Lees–McRae College is a private college in Banner Elk, North Carolina, affiliated with the Presbyterian Church (USA). Lees–McRae College sits in the Appalachian Mountains at  above sea level, the highest elevation of any American college or university east of the Mississippi River. It is one of the few colleges to be named after two women, Suzanna Lees and Elizabeth McRae.

History
Lees–McRae College was founded in Banner Elk as an all-female high school in 1899 by the Reverend Edgar Tufts, a Presbyterian minister. He named the school The Elizabeth McRae Institute after a well-respected educator in 1900. The name of school benefactor Suzanna Lees was added in 1903, and the school became The Lees–McRae Institute when it was chartered by the state in 1907.

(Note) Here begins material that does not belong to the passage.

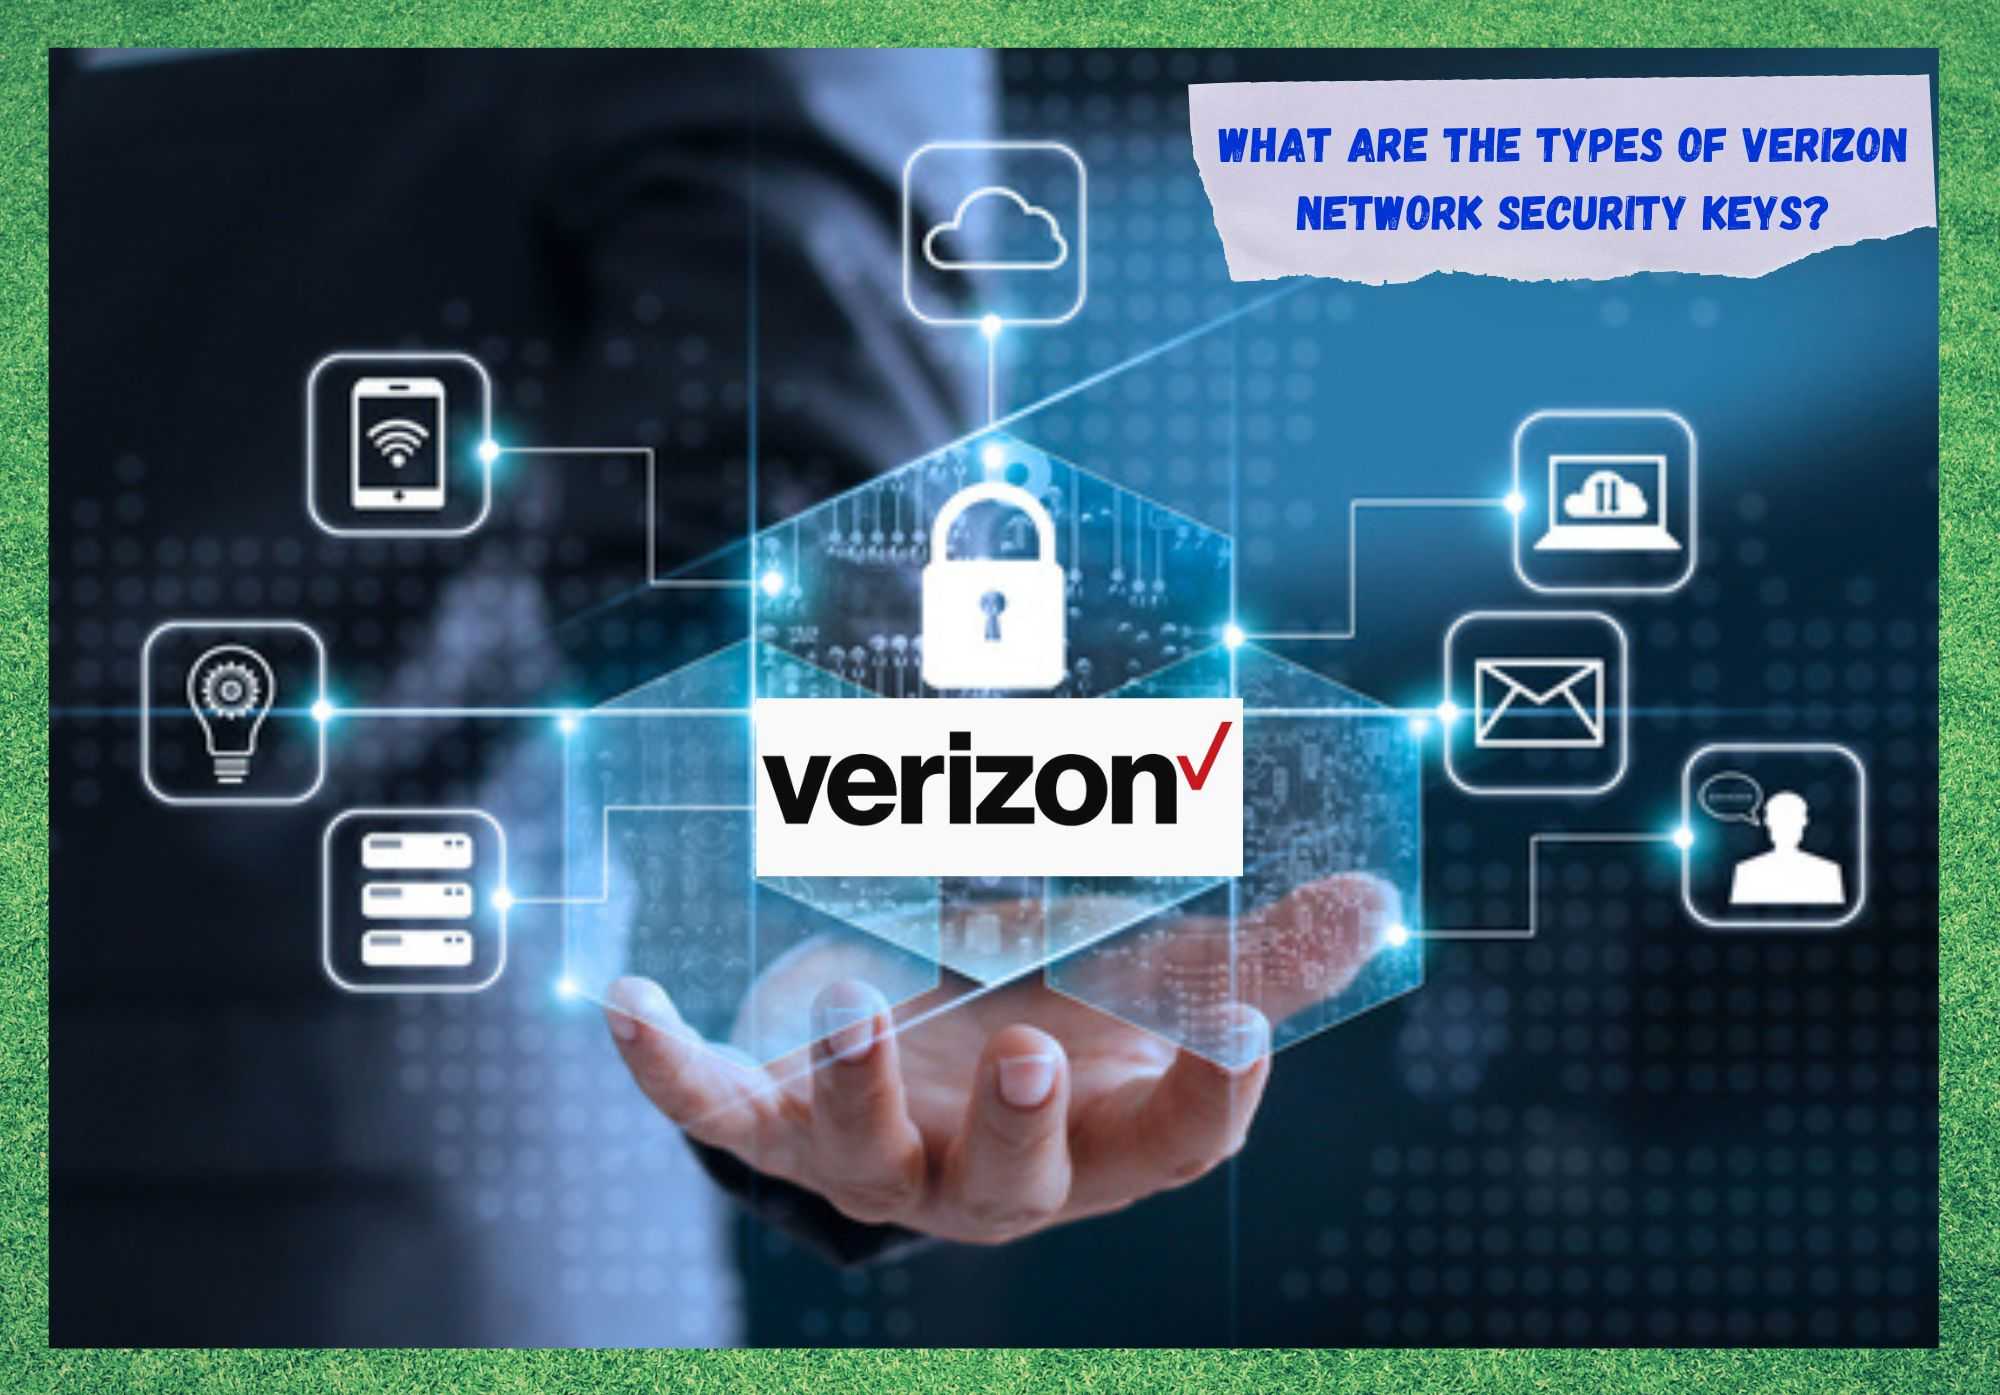 verizon network security key

An all-male branch was founded in 1907 in nearby Plumtree, North Carolina. The Plumtree facility was destroyed in a 1927 fire, leading the two campuses to merge at the Banner Elk site. After the merger, the high school program was phased out, and in 1931 the institute was renamed Lees–McRae College as an accredited, coeducational junior college.

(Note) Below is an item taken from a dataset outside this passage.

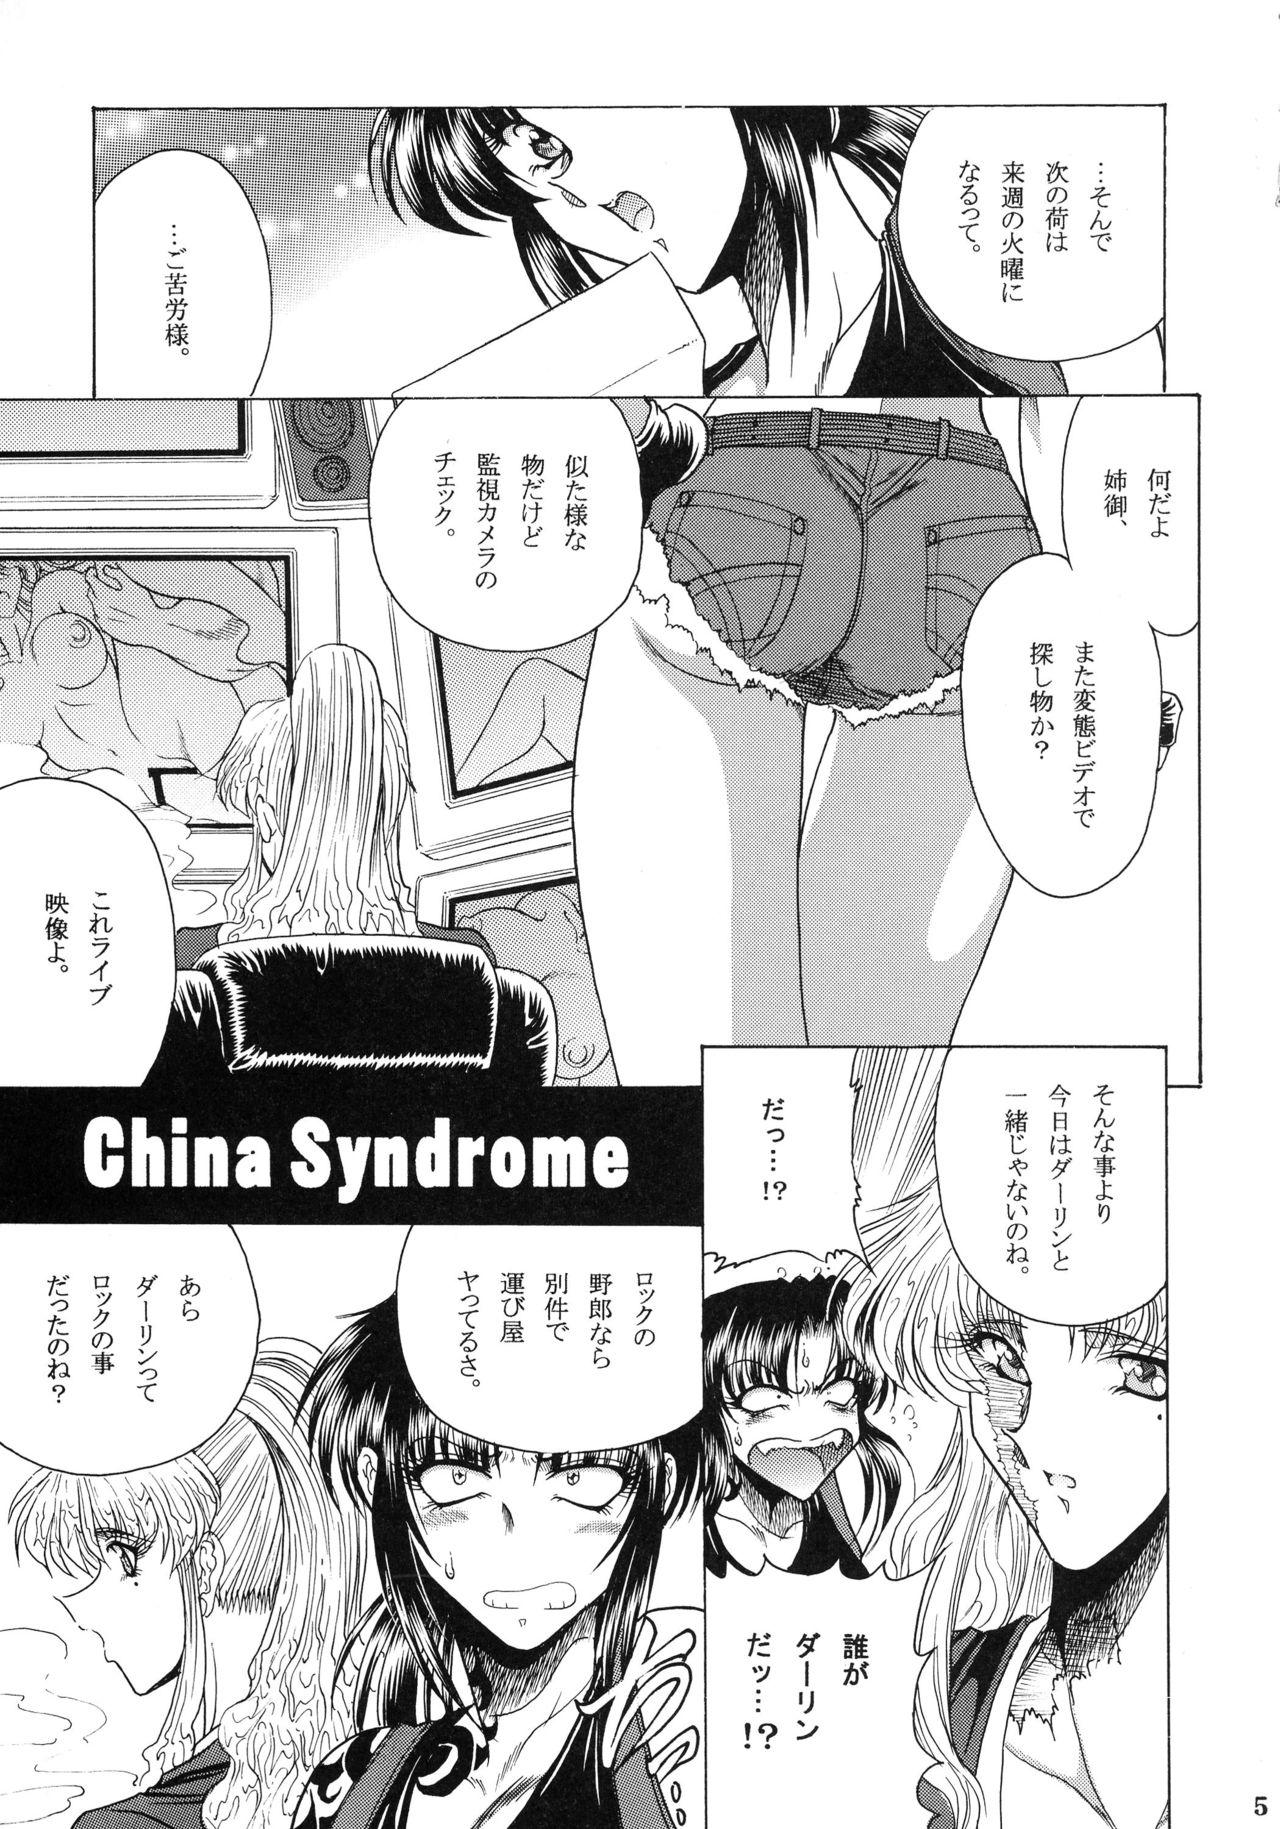 Sis ZONE 38 China Syndrome - Black lagoon Chicks - Page 4

Lees–McRae began moving toward offering a four-year program in the late 1980s, and the school's president made the recommendation to the board of trustees in 1987. The Southern Association of Colleges and Schools granted Lees–McRae status as a four-year college in 1990. In 2005, Lees–McRae became the first expansion site for New Opportunity School for Women, a program that helps educate and employ women in Appalachia.

Campus
Landmarks on campus include the historic Rock House, built in 1920 of native stone; Tufts Tower, a former water tower that houses the campus chimes; and the North Carolina Building, completed in 1922 and one of three permanent buildings planned by the college's founder. Also, there is Tate Residence Hall, originally the town hospital; and Tennessee and Virginia residence halls, constructed from stones from those respective states. The college's bookstore, named The Exchange, accepted chickens, pigs, grain, other crops and livestock in exchange for education costs in the early years of the college's history.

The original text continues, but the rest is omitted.